TASK GOAL: Print the listing exactly as it stands, and skip any pictures in it.

INPUT DATA:
Content starts

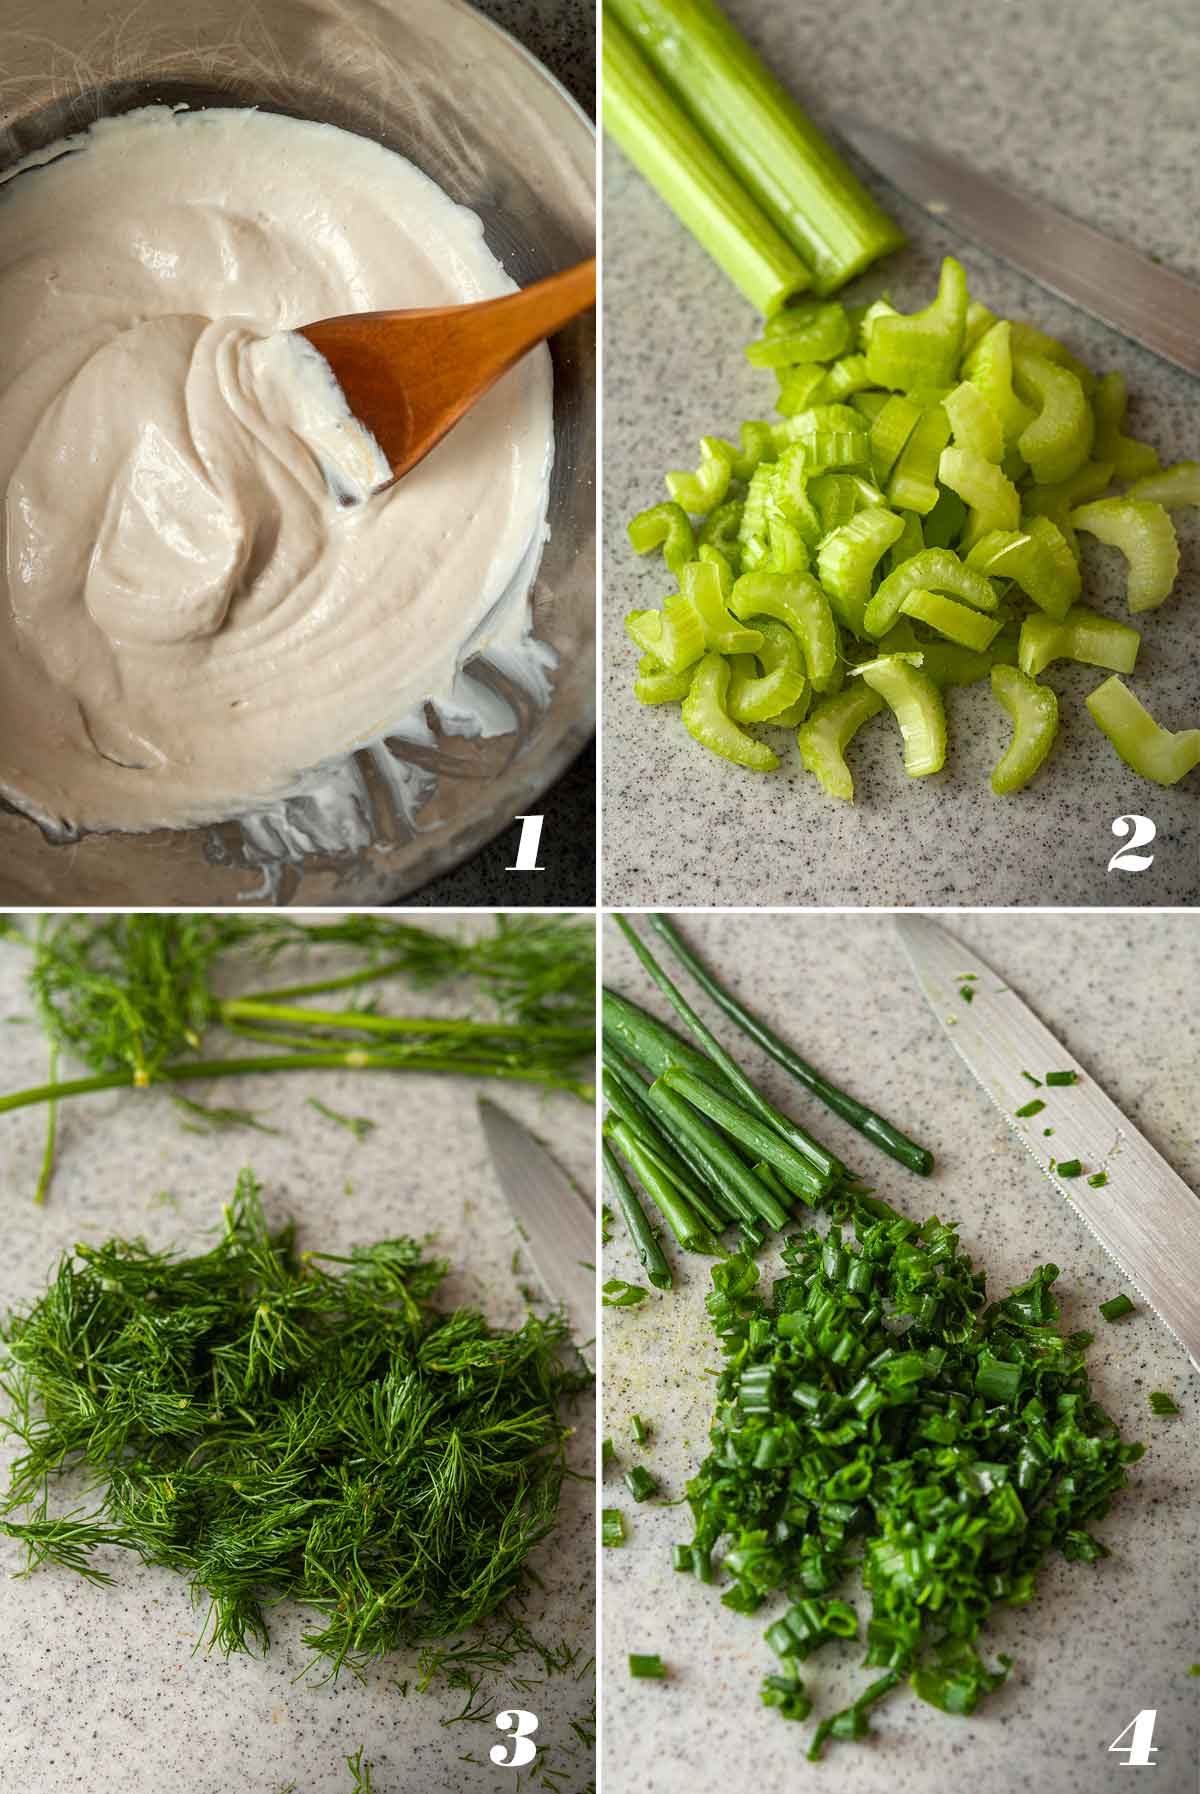 A collage of 4 numbered images showing how to prep ingredients for chickpea salad with dill.
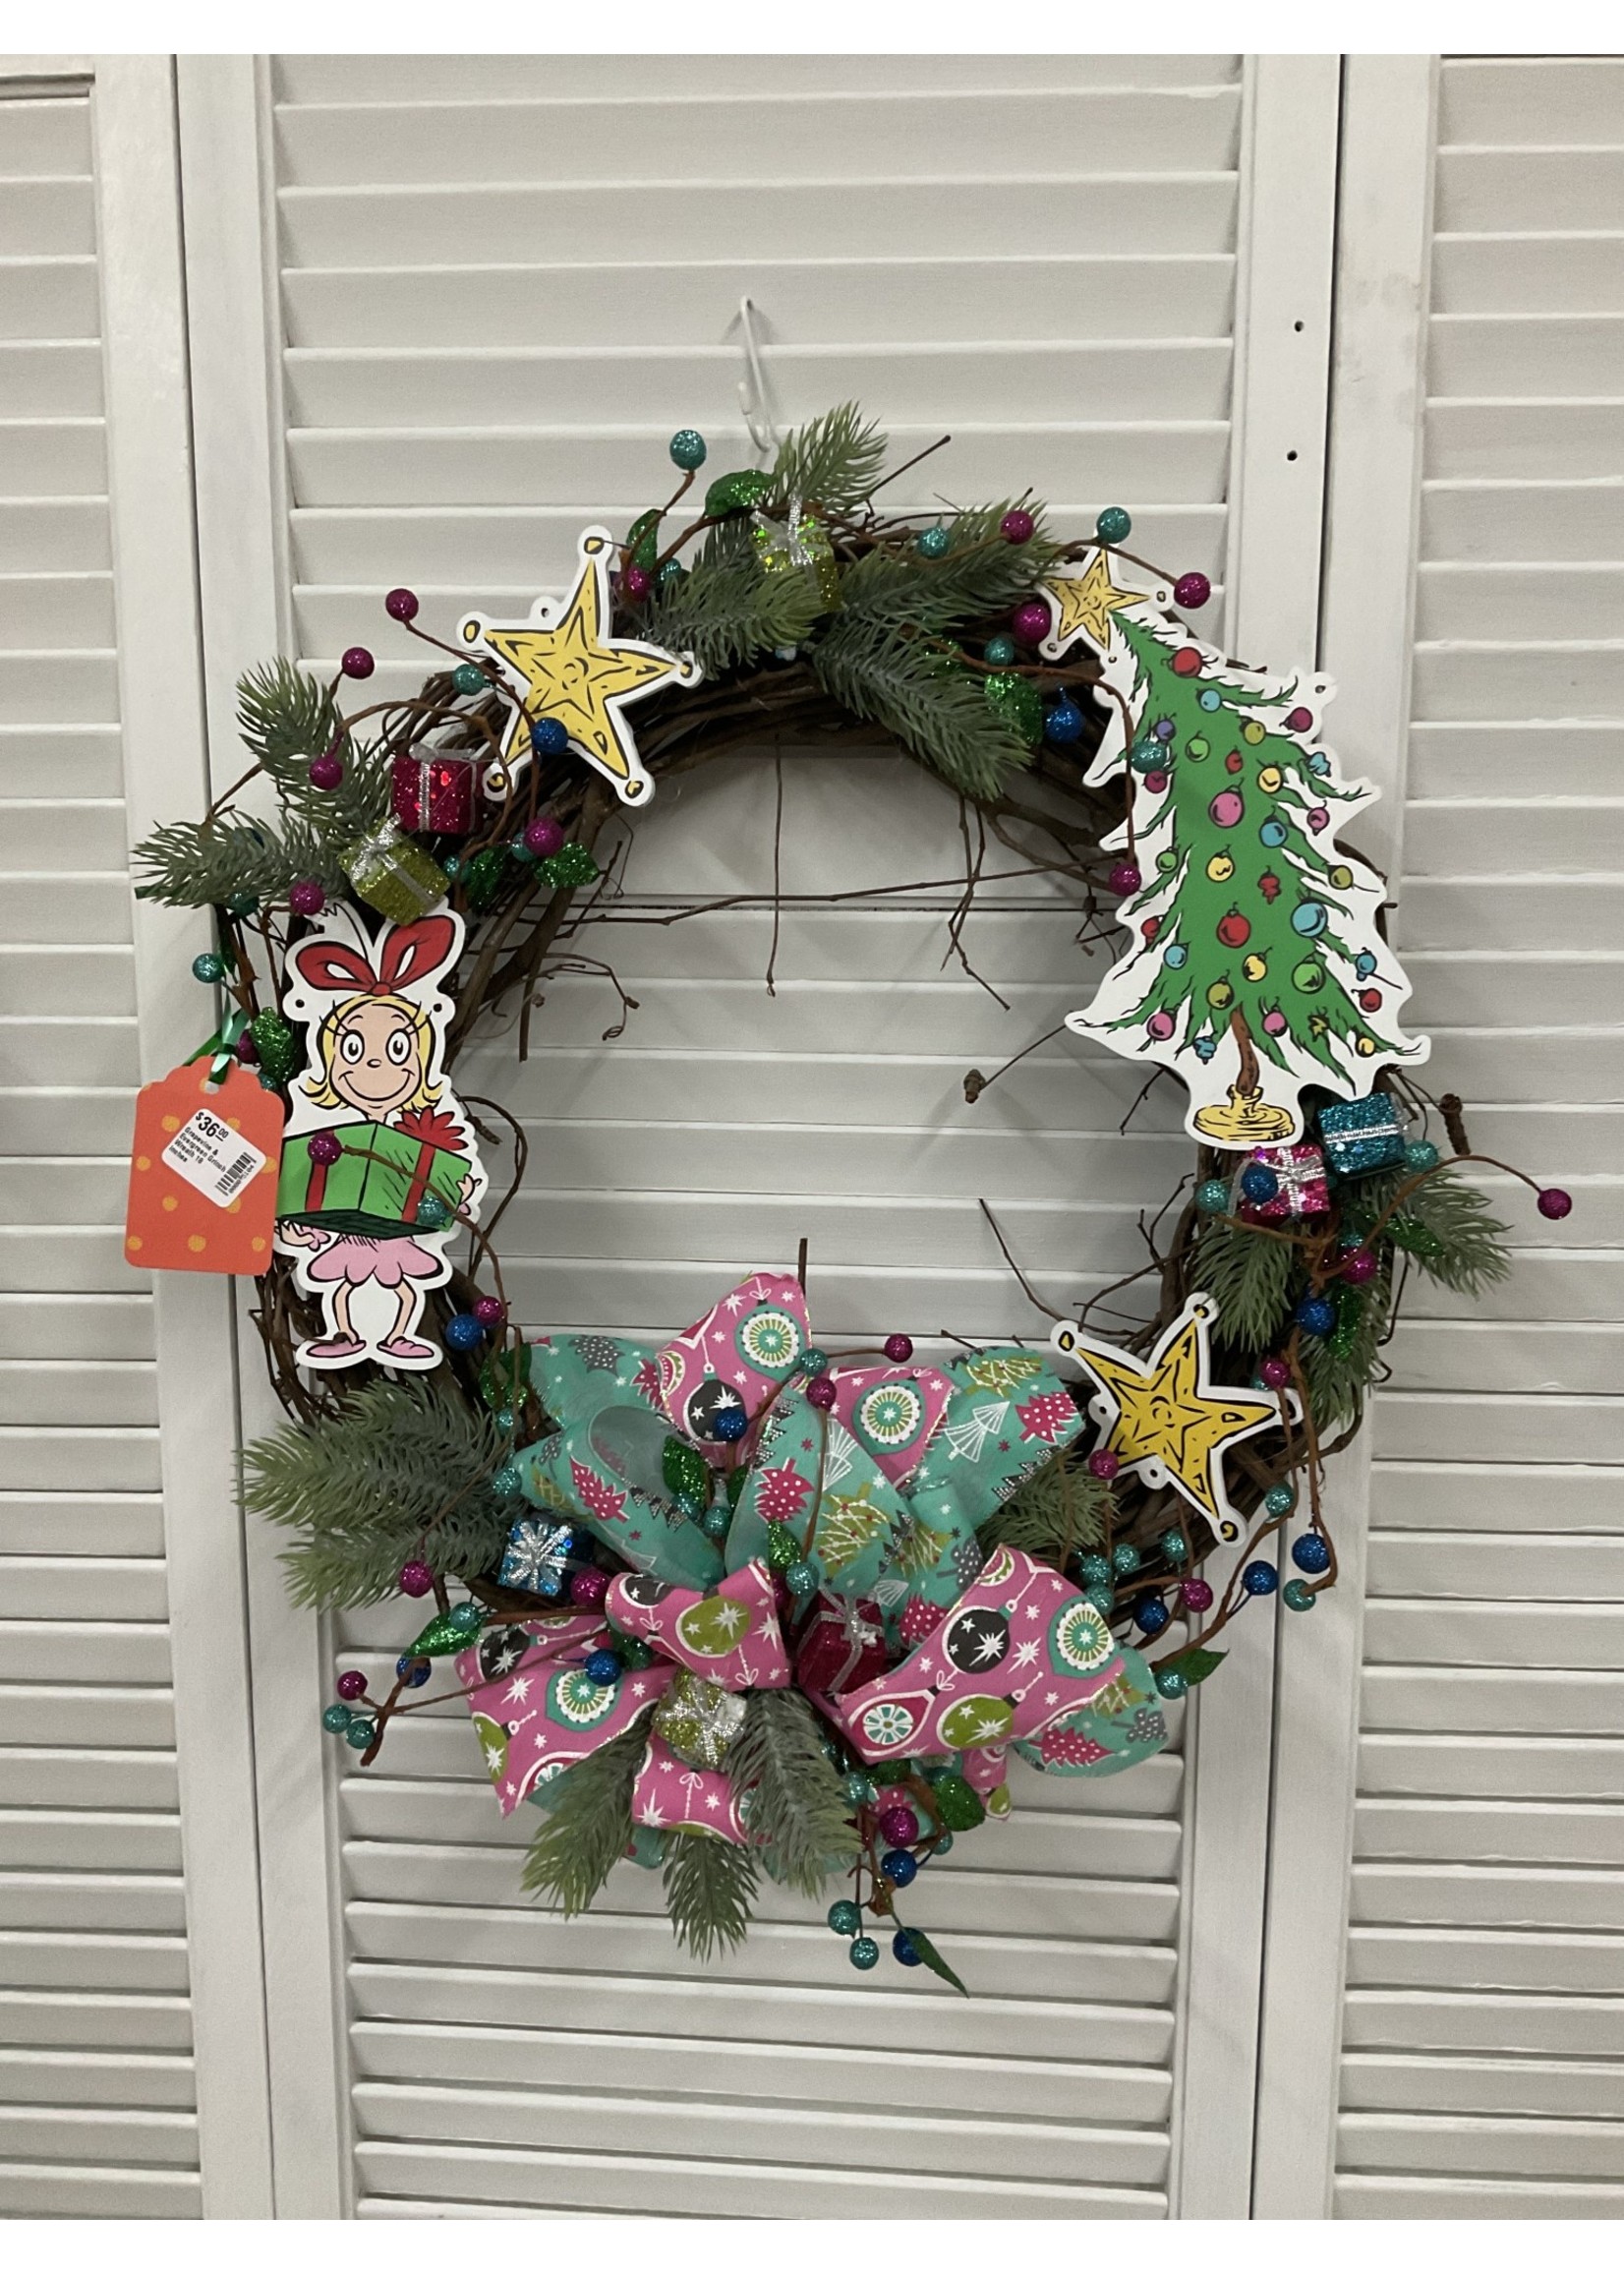 My New Favorite Thing Wreath Grapevine with Evergreen "Grinch" Theme 18 inches
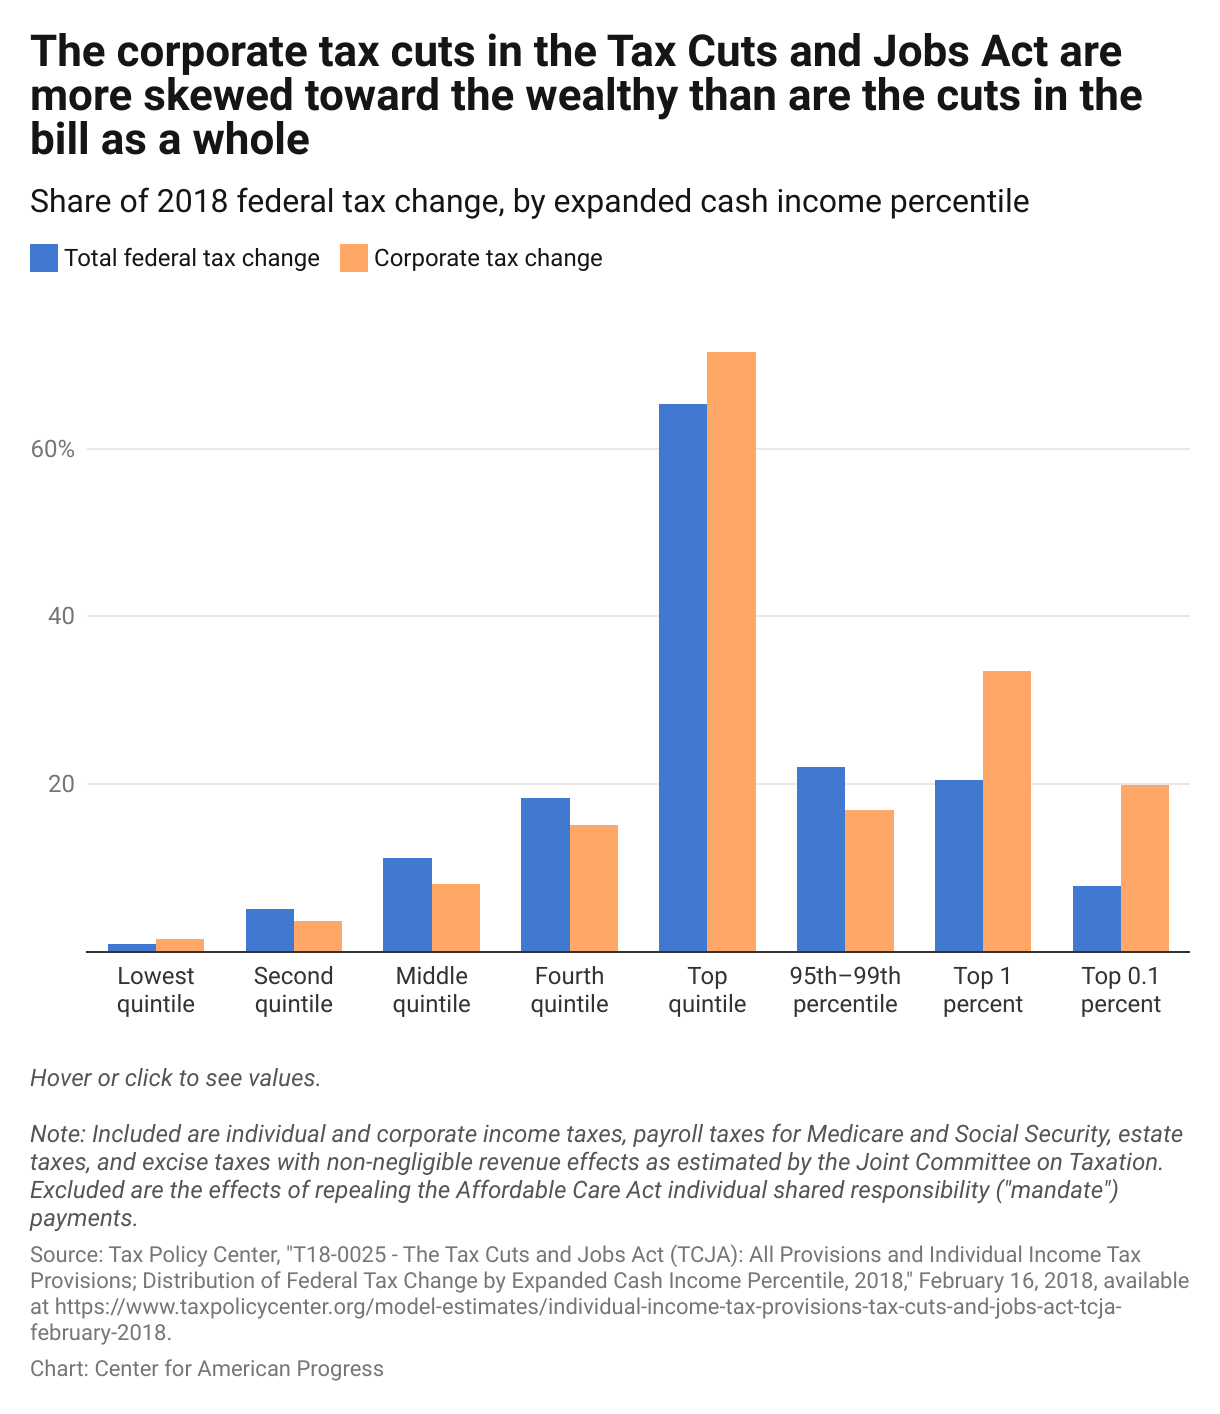 A bar chart showing that the benefits of the 2017 tax law's corporate tax changes are significantly skewed toward the wealthy.

Content ends

REPLY TO THE TASK:
 A collage of 4 numbered images showing how to prep ingredients for chickpea salad with dill.
 My New Favorite Thing Wreath Grapevine with Evergreen "Grinch" Theme 18 inches
 A bar chart showing that the benefits of the 2017 tax law's corporate tax changes are significantly skewed toward the wealthy.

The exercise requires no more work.